CN1644661A - Oven gas generation of plasma gasified coke oven - Google Patents

Abstract

The method for plasma gasification of coke oven raw gas according to the invention discloses a method for producing synthesis gas from high-temperature coking raw gas under the assistance of plasma, which is characterized in that the coke oven generates raw gas containing a large amount of water vapor and tar vapor without cooling Treatment, directly enter the plasma gasification reactor and interact with the plasma generated by the plasma generator to generate synthesis gas, reducing gas and fuel gas mainly composed of H ₂ and CO. The invention is applicable to the fields of coal chemical industry and plasma chemical industry. The process is short, the method is simple to operate, high thermal efficiency, and less environmental pollution. At the same time, it overcomes the traditional process that requires a catalyst, and the catalyst is prone to carbon precipitation, sulfur, halogen, and arsenic poisoning. It opens up a new way for the comprehensive utilization of coke oven raw gas way.

Description

Method of Plasma Gasification of Coke Oven Raw Gas

technical field

The method for plasma gasifying raw coke oven gas of the present invention relates to a method for producing synthesis gas, reducing gas and fuel gas mainly composed of H ₂ and CO under the assistance of plasma, which belongs to the category of coal chemical industry and plasma chemical industry.

technical background

The conventional method to deal with raw coke oven gas is: 650℃～850℃ raw coal gas is sprayed with ammonia water in the bridge pipe and gas collecting pipe to cool down to 80℃～85℃, and then cooled to 25℃～35℃ in the initial gas cooling section.

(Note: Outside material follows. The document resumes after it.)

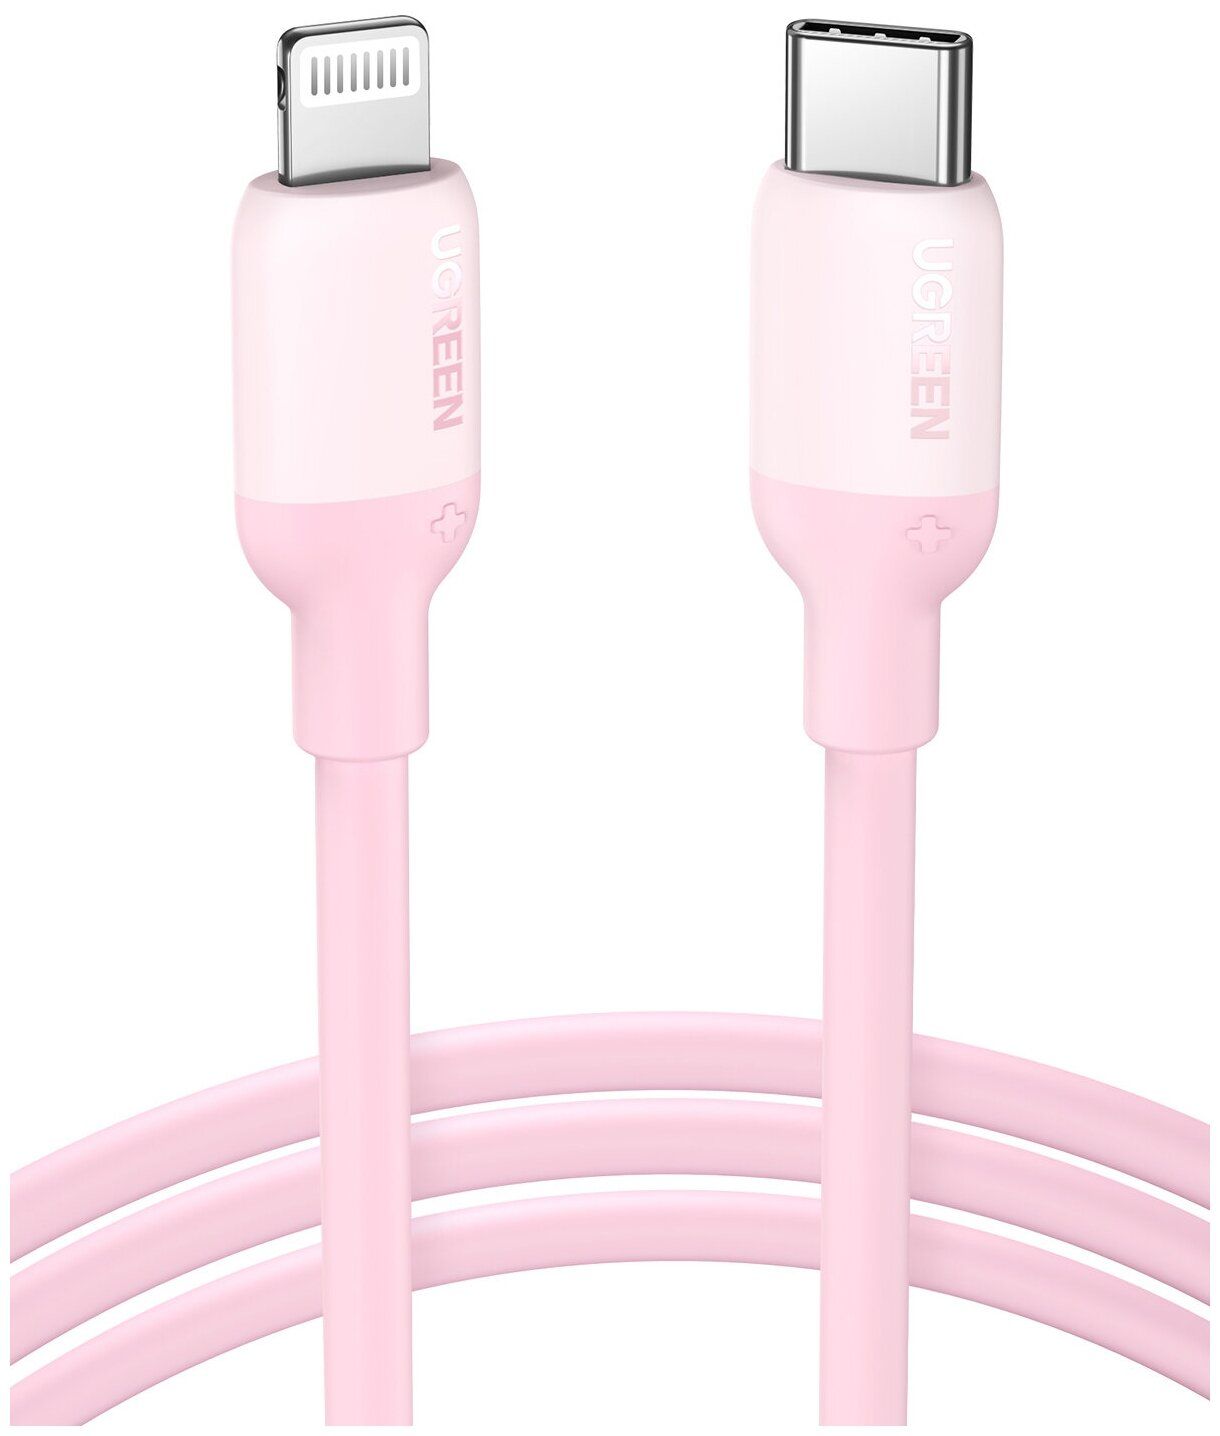 Кабель UGREEN US387 (60625) USB-C to Lightning Silicone Cable. 1 м. розовый кабель зарядный rogue для ios usb кабель type c для телефона кабель зарядного устройства для iphone xiaomi кабель для передачи данных 1 2 м

A large amount of sensible heat of raw gas and a large amount of latent heat of water vapor and tar vapor are wasted. At the same time, a large amount of cooling water and ammonia are consumed. After benzene washing, desulfurization and other processes, the purified gas obtained can be used as raw material to produce synthesis gas. In each section, coking wastewater is produced, in addition to tar residue, acid tar and washing oil regeneration residue. While a large amount of energy is wasted, it causes great environmental pollution.

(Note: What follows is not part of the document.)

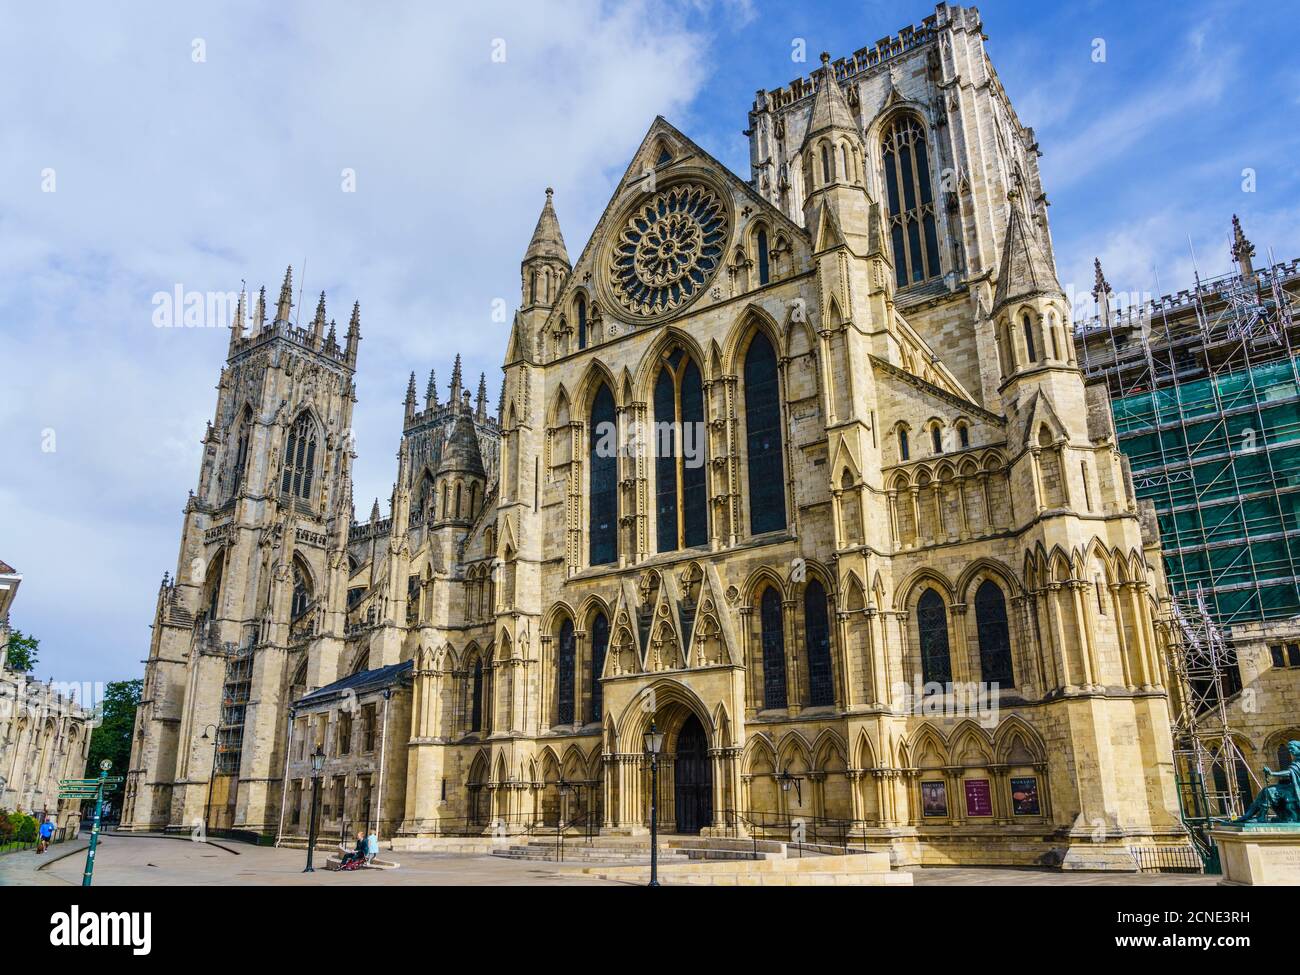 York Minster, l'une des plus grandes cathédrales médiévales d'Europe, York, North Yorkshire, Angleterre, Royaume-Uni, Europe Banque D'Images

China's coke output will be close to 200 million tons this year, and raw gas output will exceed 100 billion m ³ . Shanxi Province alone made 80 million tons of coke last year, producing about 30.4 billion cubic meters of coke oven gas, which is 2.53 times the annual gas transmission volume of the national west-to-east gas transmission project, enough for urban and rural residents in Shanxi to burn for 8 years, but the reasonable utilization rate of coke oven gas It is only 8.86%, and the rest is directly discharged into a large amount of waste, which is equivalent to an annual loss of about 20 million tons of coal, causing economic losses of tens of billions of dollars. With the progress of the "West-to-East Gas Pipeline" project, coke oven gas will soon withdraw from the city gas field, which will inevitably cause a large surplus of coke oven gas. How to use a large amount of coke oven gas rationally and effectively is a solution to waste of resources and the environment. Pollution is a major issue closely related to social and economic development.

At present, using coke oven gas as raw material to produce synthetic gas to synthesize ammonia, methanol and dimethyl ether is considered to be a good way out. There are roughly three routes for producing synthesis gas from coke oven gas, one is partial oxidation process, the other is steam reforming, and the third is carbon dioxide reforming, all of which require catalytic systems. No matter which line it is necessary to purify the raw gas, so that the sulfide, halogen compound, tar, etc. in the purified gas can be reduced to a very low level. To prevent the catalyst from carbonization, sulfur, halogen, and arsenic poisoning. The ideal condition for synthesizing methanol from clean coke oven gas syngas f=(H ₂ -CO)/(CO+CO ₂ ) is higher than f=2.10, and tar vapor and low-carbon hydrocarbons in raw coal gas can be converted under the action of plasma A reasonable f value can be obtained for CO. In addition, no matter what kind of process, there are disadvantages such as long process flow, large equipment investment, high operating cost and low energy utilization efficiency.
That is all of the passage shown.